For additional information about dealing with physician behavior concerns, please join us in San Francisco for:

The Peer Review Clinic

August 2, 2018

QUESTION:        I was just reviewing a contract to draft a second amendment and noticed that the original contract has the hospital as a party but the first amendment has the hospital’s physician group as a party.  What should I do?

ANSWER:            This doesn’t happen that often, but it does happen enough.  The good news is that it looks like you were watching the details when drafting the second amendment.

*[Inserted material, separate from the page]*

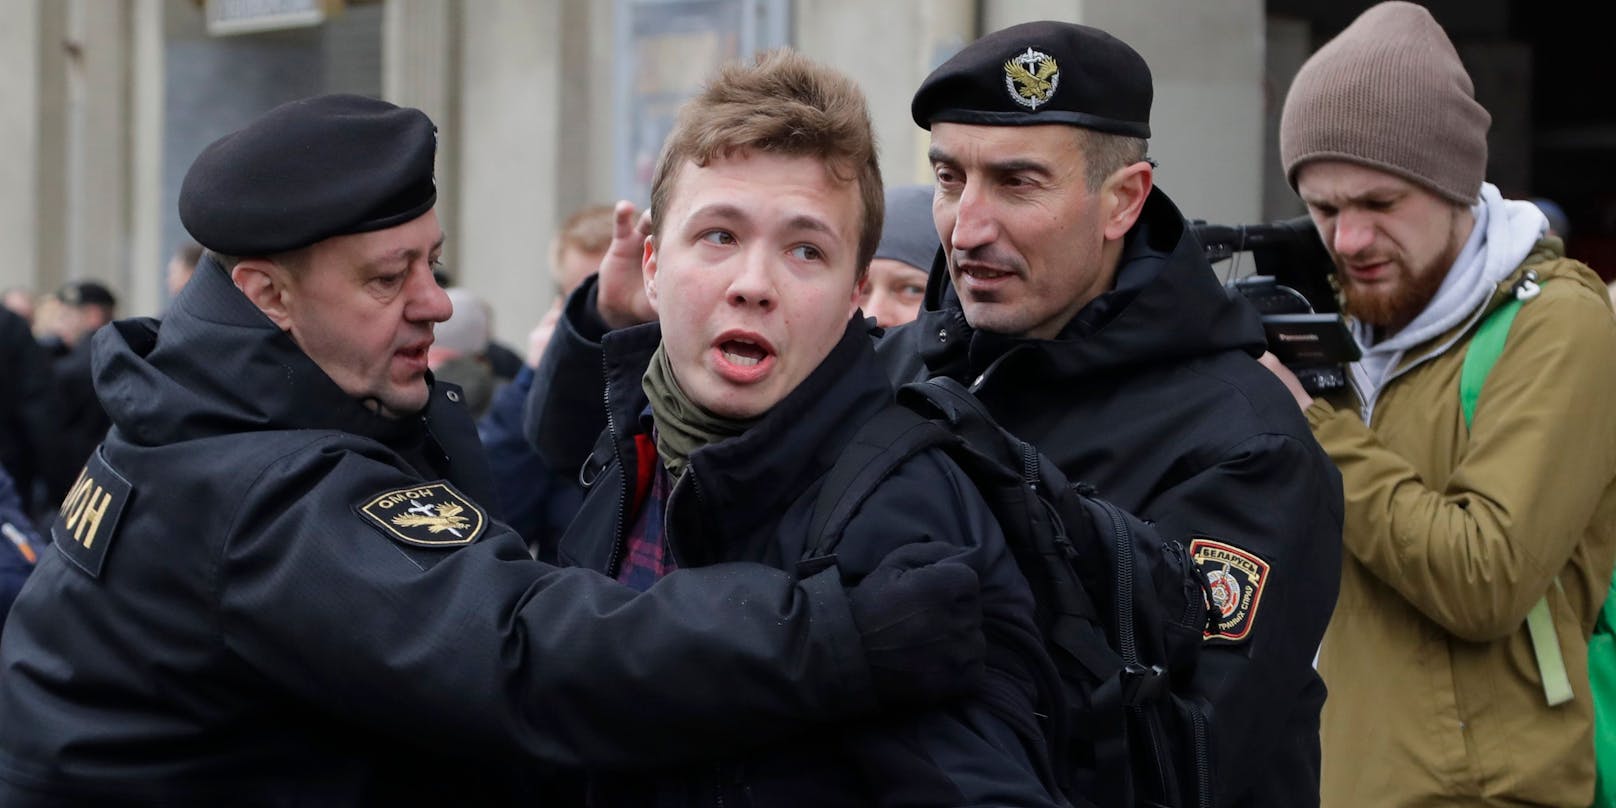 Roman Protassewitsch wird bei einer Protestaktion in Minsk festgenommen. (Archivbild, 2017)

In any event, confirm which entity is to be the party in the contract.  It may be that the person who drafted the first amendment inserted the wrong party (or, conversely, the person who drafted the original contract had the wrong party).  Or, it may be that the contract was assigned by the hospital to the physician group, but you would not know that because the assignment was not included in the package of documents you were given to draft the second amendment.

The correct party is important for compliance reasons – for example, if the contract is supposed to be with an entity that qualifies as a “group practice” under Stark, but is with the hospital, and incentive bonuses include the group’s in-office ancillary services then the contract would violate Stark.

Also important is the issue of liability.  The hospital may set up a physician corporation, or limited liability company, to shield the hospital’s assets.  If the contract is with the hospital instead of that separate entity, the hospital’s assets are at risk.

Some other details to check are to make sure the entity on the first page is the entity listed in the signature block on the last page.  Again, having a different legal entity in the signature block does not happen that often, but it does happen and making sure the entities are the same can save much heartache.

Finally, make sure the employment contract is signed by both parties.  An unsigned employment contract could spell trouble from a Stark perspective.  For example, although the Stark employment exception does not require a written contract, if an employer wants to take advantage of certain things, such as directing referrals, the contract must be in writing and signed by the physician.

So, make sure to dot those “i”s and cross those “t”s when drafting or reviewing contracts.